Craig and Mark headed to the Ben to climb some ice although they knew this was unlikely as the thaw they witnessed a few days before had continued.

The Ice was still fat, but with natural release coming down most routes, they thought better of it and climbed onto Tower Ridge via a pleasant solo up Faulty Towers.

The ridge was in good condition - crampons the whole way - and they soloed till the pitch before the Eastern traverse.
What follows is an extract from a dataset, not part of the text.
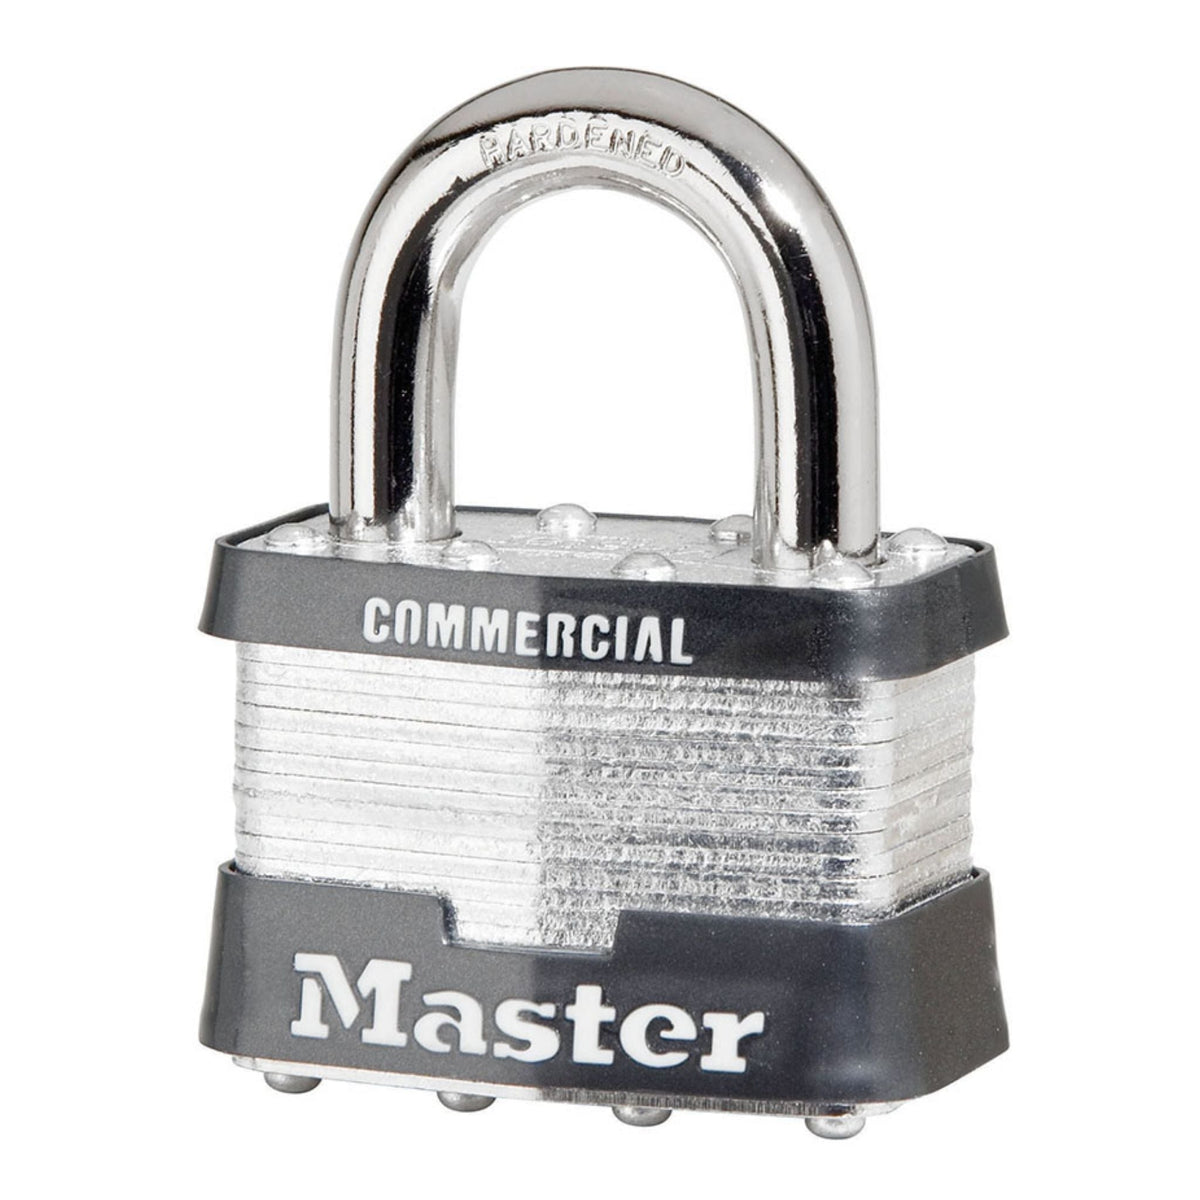 Master Lock 5KA 2004 Lock Laminated Steel Padlocks Keyed Alike to KA# 2004 Locks - The Lock Source

A quick catch up and chat with Mike and client at the gap and before they knew it they were on the top with shades on in 16ยบ heat.

The team headed down number 4 - thanks Tom for use of your rope - and back to the North Face car park in super quick time.

A super day out in stellar weather, if not climbing, conditions. 








Saturday 12 March 2016

Missing the Worm

Craig and Mark headed for the Ben early o'clock to get some, hopeful, action on a quality route; notwithstanding the turbo thaw forecast...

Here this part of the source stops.